**RECORDED DATA**:

____________________

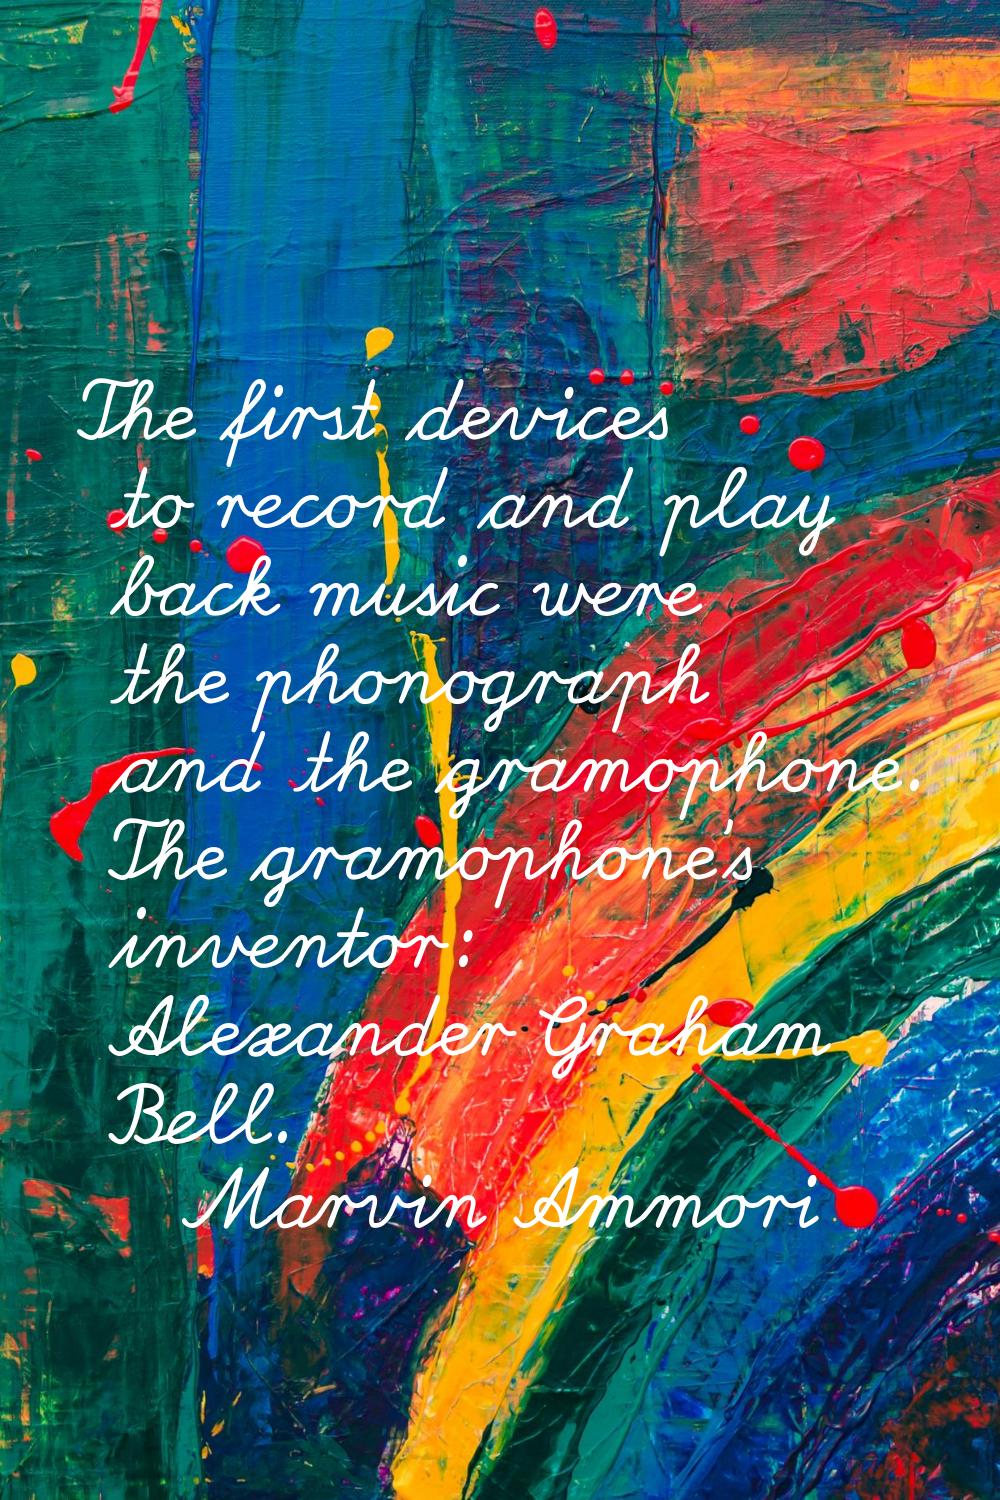 The first devices to record and play back music were the phonograph and the gramophone. The gramoph
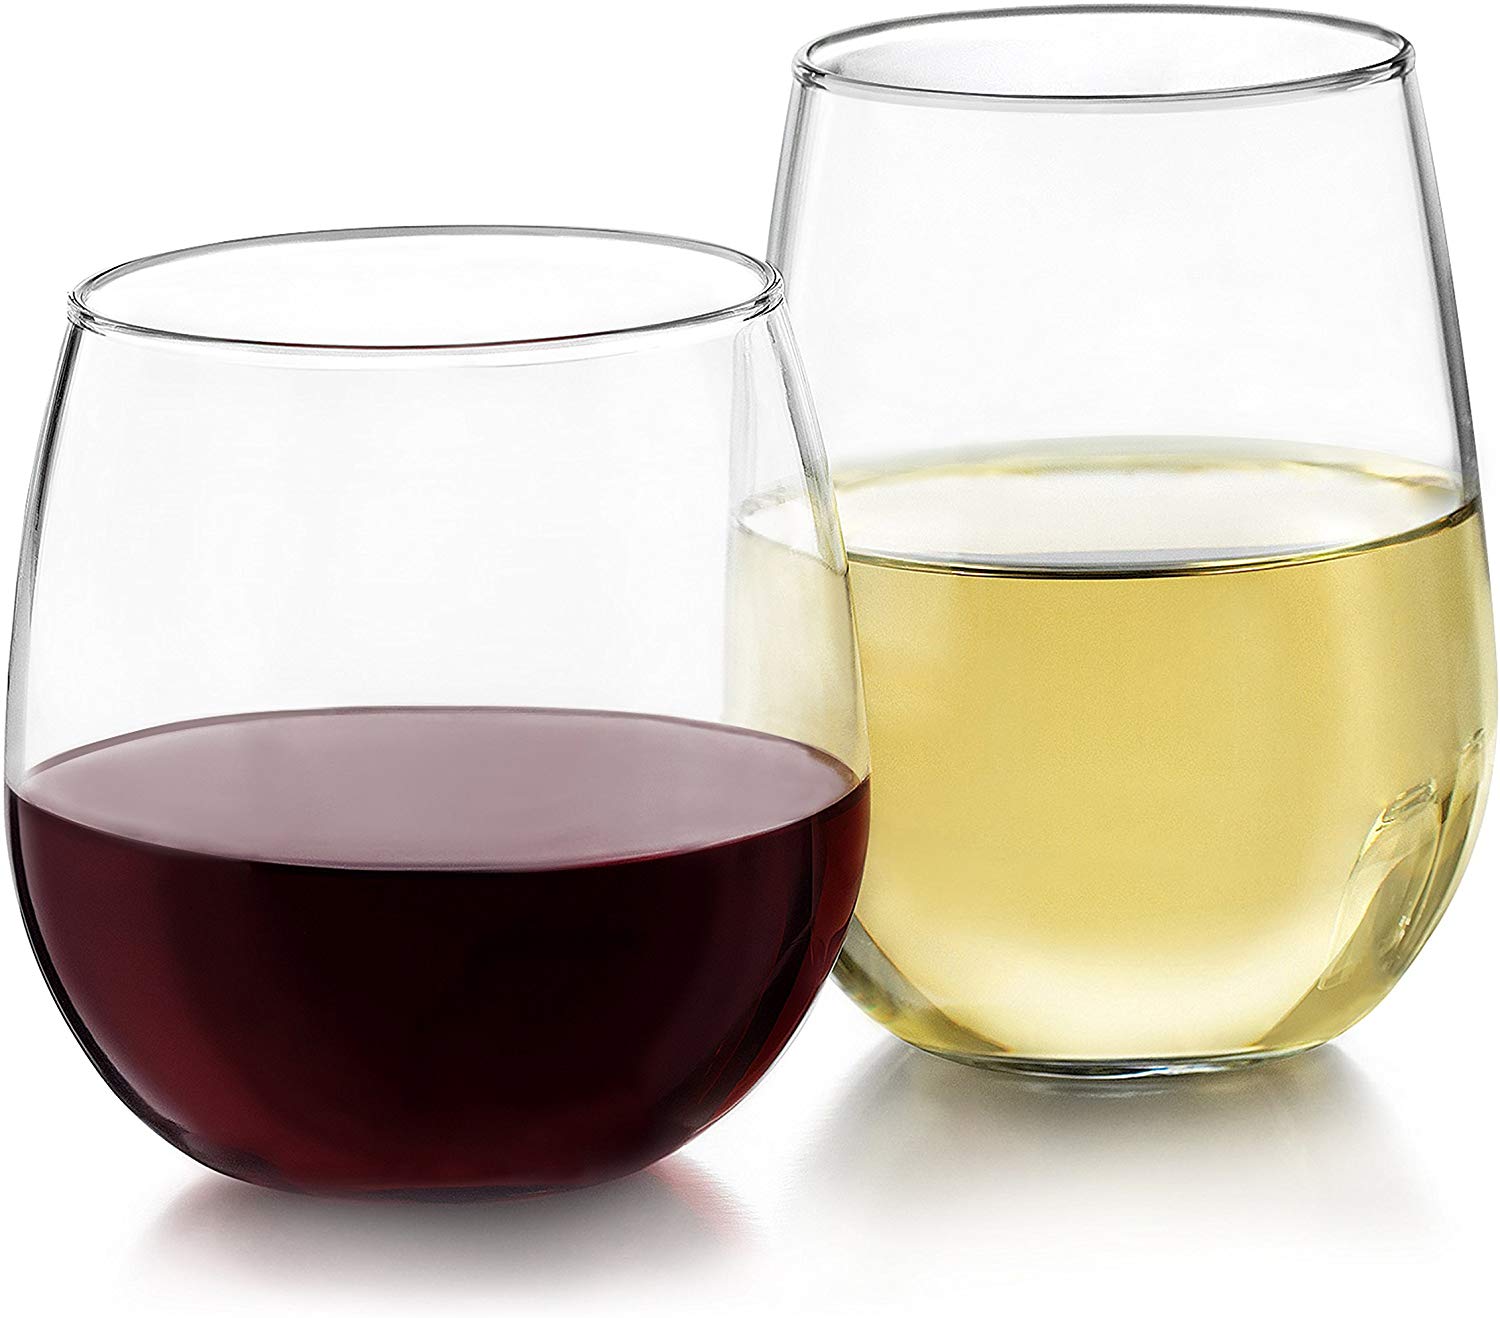 Libbey stemless wine glasses
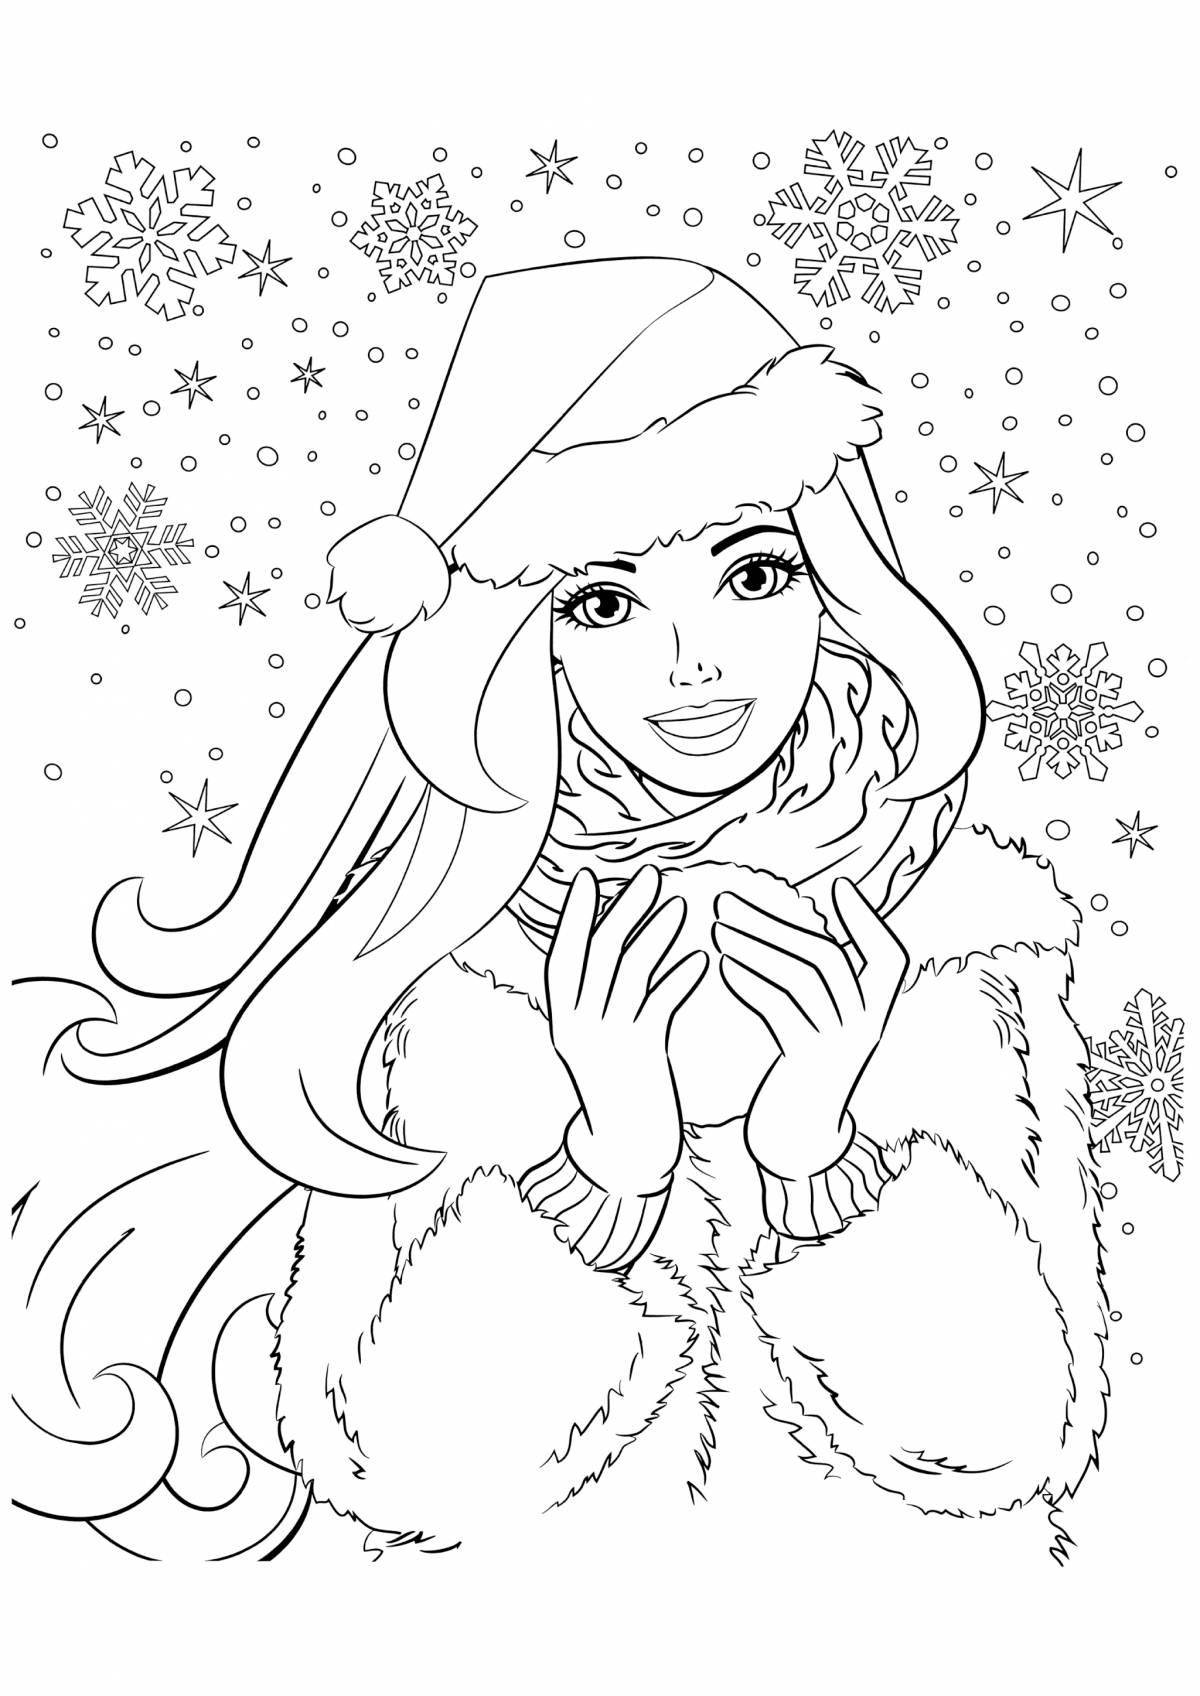 Barbie's glamorous Christmas coloring book
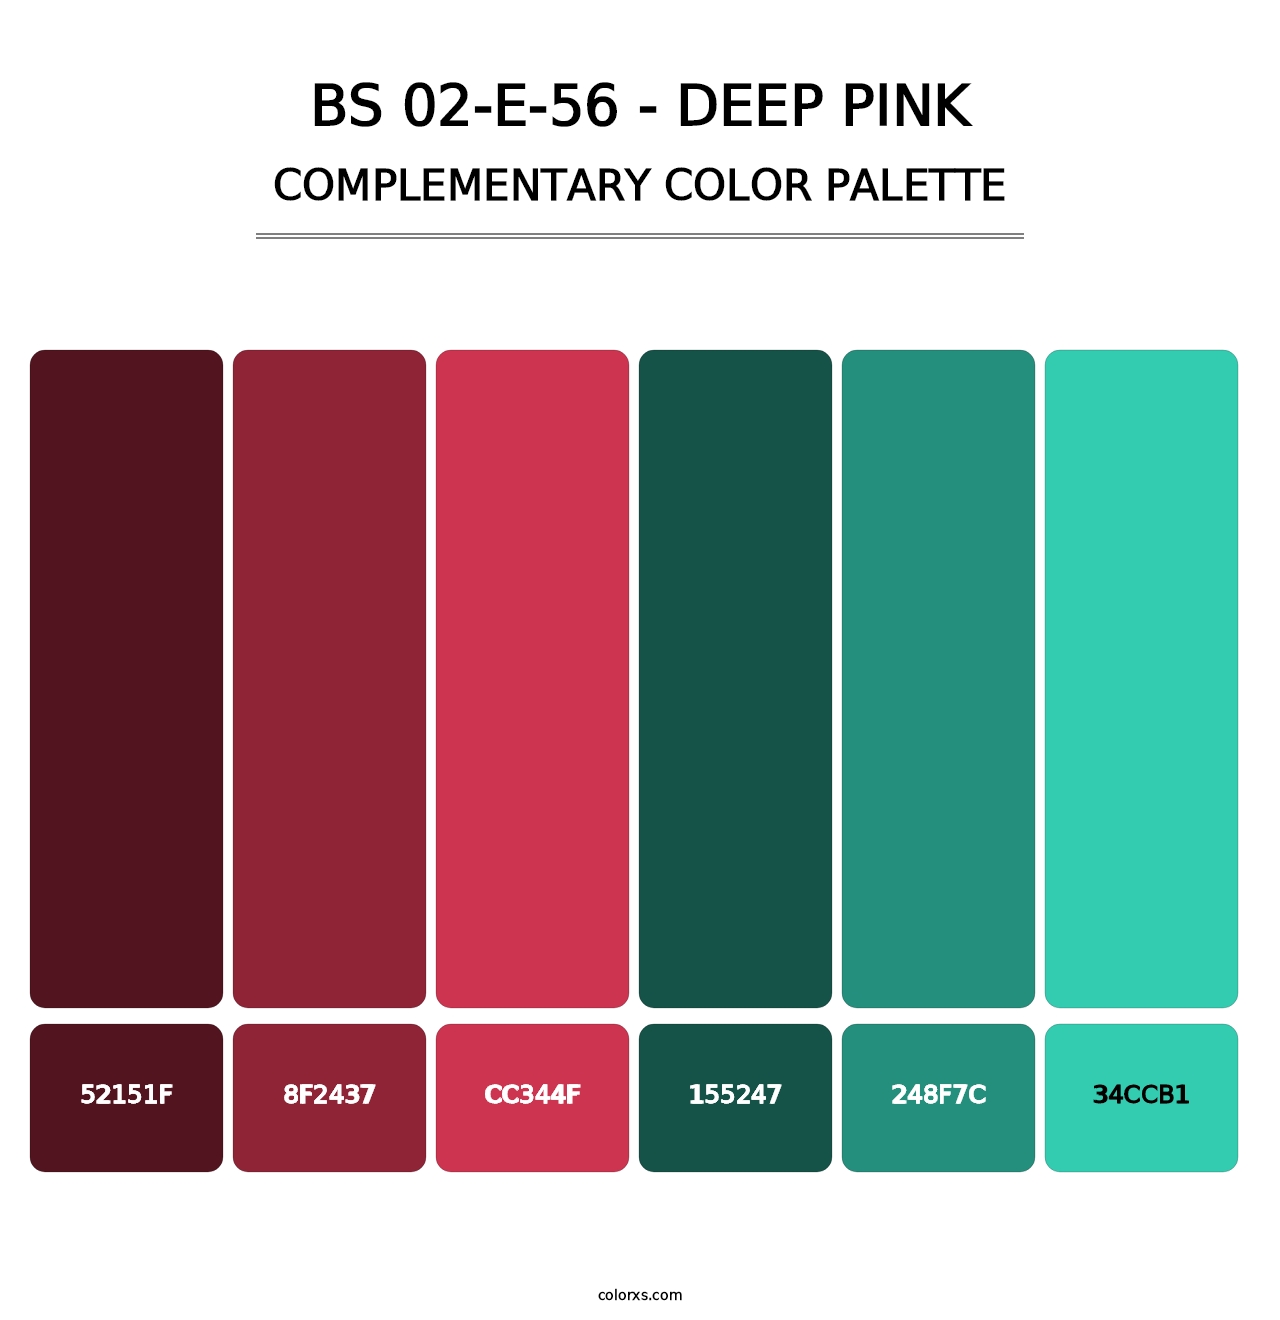 BS 02-E-56 - Deep Pink - Complementary Color Palette

____________________

**TASK TO CARRY OUT**: Only the lines from the one containing "Barbie's glamorous Christmas coloring book" through the last line of the data above, both included, belong in the reply, each restated exactly and without pictures.

**RESULT**:
 Barbie's glamorous Christmas coloring book
 BS 02-E-56 - Deep Pink - Complementary Color Palette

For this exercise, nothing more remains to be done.